You also say you need to become more knowledgeable and that certainly is great for you, but did those relatives have to be knowledgeable of anything? No, so the problem is not about theology, or anything actually related to reason. This is about the influence of what seem to be the typical hippie wannabe that looks for bootlegs religions with no substance. These people probably hate to be forced to talk about religion in a serious manner, so if you have to talk about it, do so in the least emotional, more serious manner imaginable. Many times it is not about knowledge but about tone and rhetoric that make manifest how senseless something is.

Sounds like it’s not actual buddhism, but new age crap. For the record, they do have magick rock stuff in hinduism, but it’s kind of a more obscure, more expensive, more personalized stuff. My mom did the magick rock treatment, and she had specific instructions of which rock to wear on which finger, for how long, and it was done through a fairly personalized consultation

Anyways, women rarely do things because of reason. Actually, most people don’t. So in some sense you can say that you’re deficient in your knowledge of the faith, but it’s not like you need to start lecturing her on stuff. People have negative stereotypes against Christianity, while at the same time having a spiritual hunger and a void in their lives. You can break the stereotype by practicing your religion, being kind, smart, patient etc. The more steadfast you are in your religion, the more likely your woman is to follow you.

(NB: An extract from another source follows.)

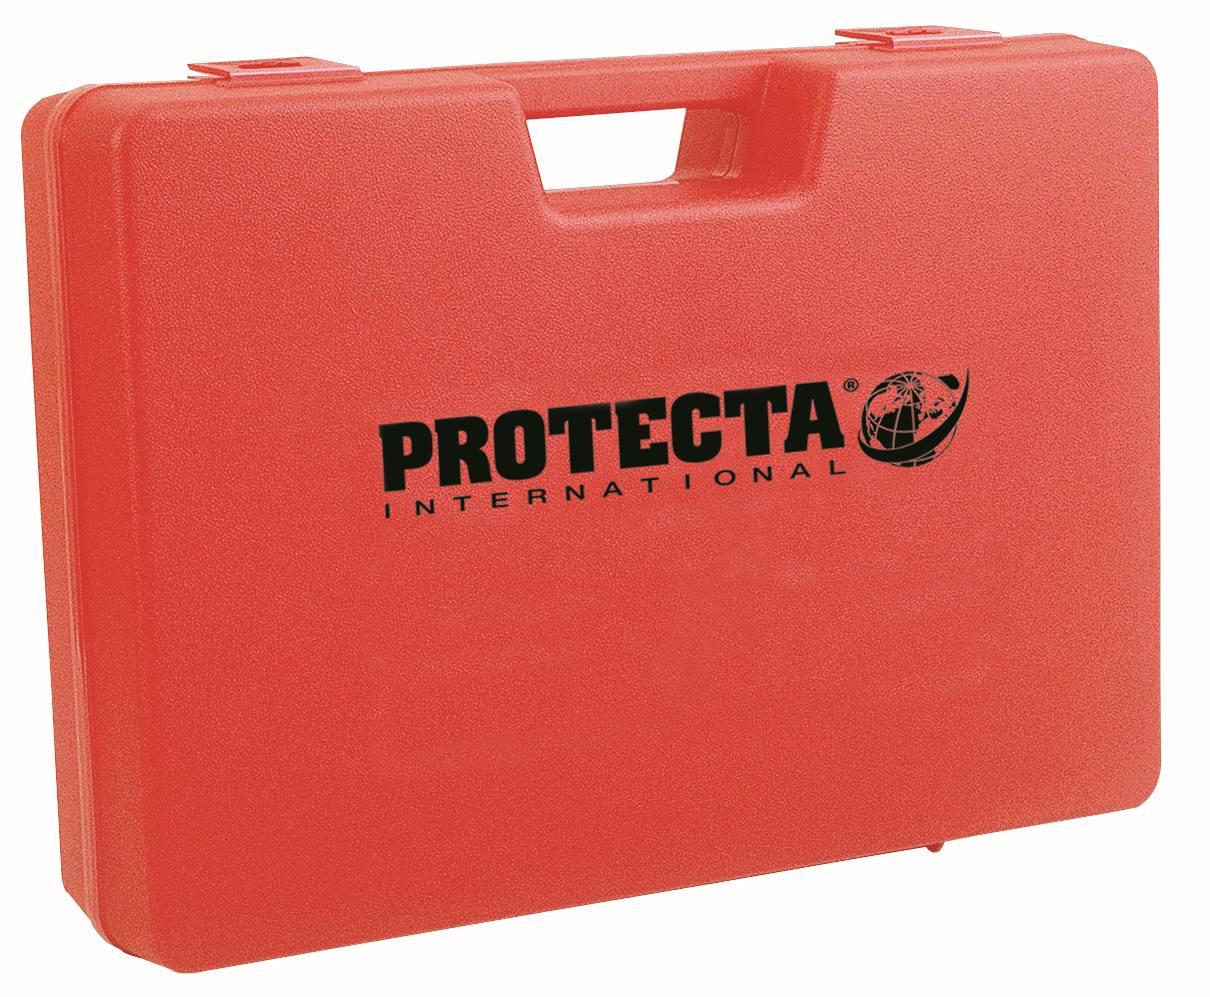 3M PROTECTA Koffer, Material PVC, rot, 50 x 37 x 12,5 cm, 50 x 37 x 12,5 cm

If your woman isn’t a vegetarian, you can pre-empt that a bit and redirect it, by going “hey, it’s a friday, you want to keep it with me?” (ie no meat) or whatever. Likewise, you can burn frankincense at your house during prayer, and explain it to her when she notices.

I would recommend focusing on your girl first because you have the most influence over her, and once she’s on your side you can try to influence her parents together.